The encoding must be valid and use the format k[encoded_string] for repeated substrings, and you may use encoding recursively within encoded_string.

Thought Process

At first glance, we might think of simply finding repeated substrings and compressing them. However, the challenge is that repetitions can be nested, and sometimes encoding a substring recursively can result in a shorter overall encoding. Brute-force approaches, such as trying every possible substring and encoding, would be too slow for large strings.

To optimize, we can use dynamic programming. The idea is to build up solutions for shorter substrings and use them to solve for longer substrings.
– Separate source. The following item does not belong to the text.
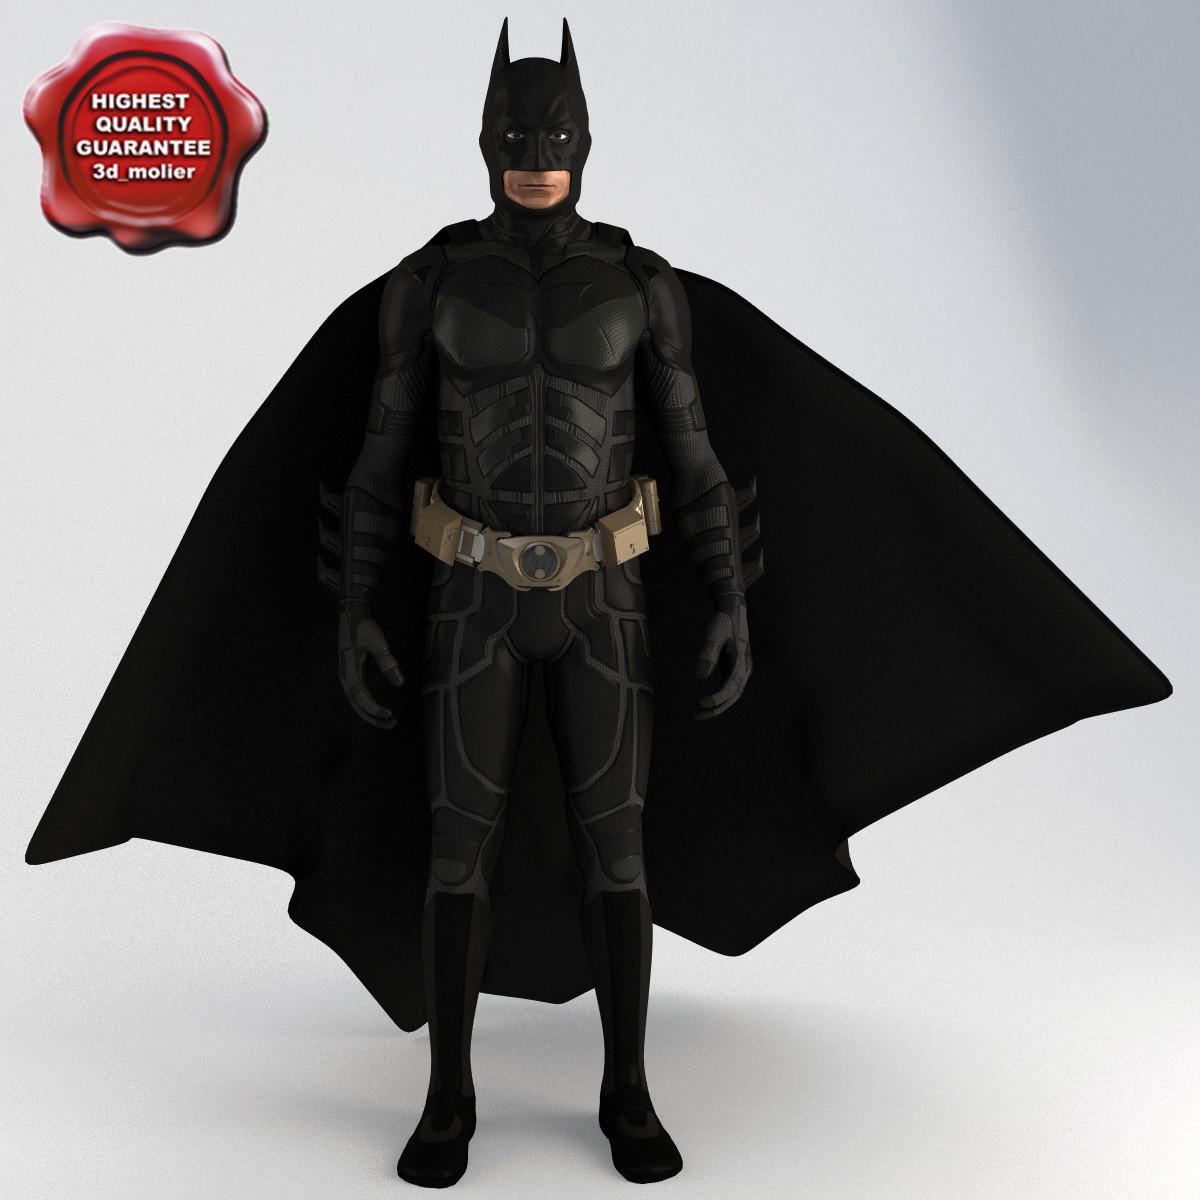 batman pose2 3d model

For every substring, we try all possible splits and all possible repeated patterns, and choose the shortest encoding at each step.

This approach is similar to solving the "word break" problem or optimal matrix chain multiplication, where we build up from small to large segments.

Solution Approach

  • Dynamic Programming Table: We define dp[i][j] as the shortest encoded string for substring s[i:j+1].
  • Base Case: For substrings of length 1, the encoding is the character itself.
  • Splitting: For each substring s[i:j+1], try every split point k between i and j and set dp[i][j] as the minimum of dp[i][k] + dp[k+1][j].
  • Pattern Search: For each substring, check if it can be represented as multiple repeats of a smaller substring. If so, encode it as repeat_count[encoded_pattern] where encoded_pattern is the shortest encoding of that smaller substring.
  • Choosing Minimum: For each substring, select the shortest among the original, all splits, and all encodings.
  • Return: The answer is dp[0][n-1] (the shortest encoding for the whole string).

The DP approach ensures that all possible encodings are considered, and by always selecting the shortest, we guarantee the optimal solution.

Example Walkthrough

Let's consider the input s = "ababab".

  1. For substring "ab", there's no shorter encoding, so dp[0][1] = "ab".
  2. For substring "abab" (i=0, j=3), we can split at k=1 ("ab" + "ab"), but also notice that "abab" is 2 * "ab". So, 2[ab] is shorter than "abab".
  3. For substring "ababab" (i=0, j=5), we can split at k=3 ("abab" + "ab"), or notice that "ababab" is 3 * "ab". So, 3[ab] is the shortest encoding.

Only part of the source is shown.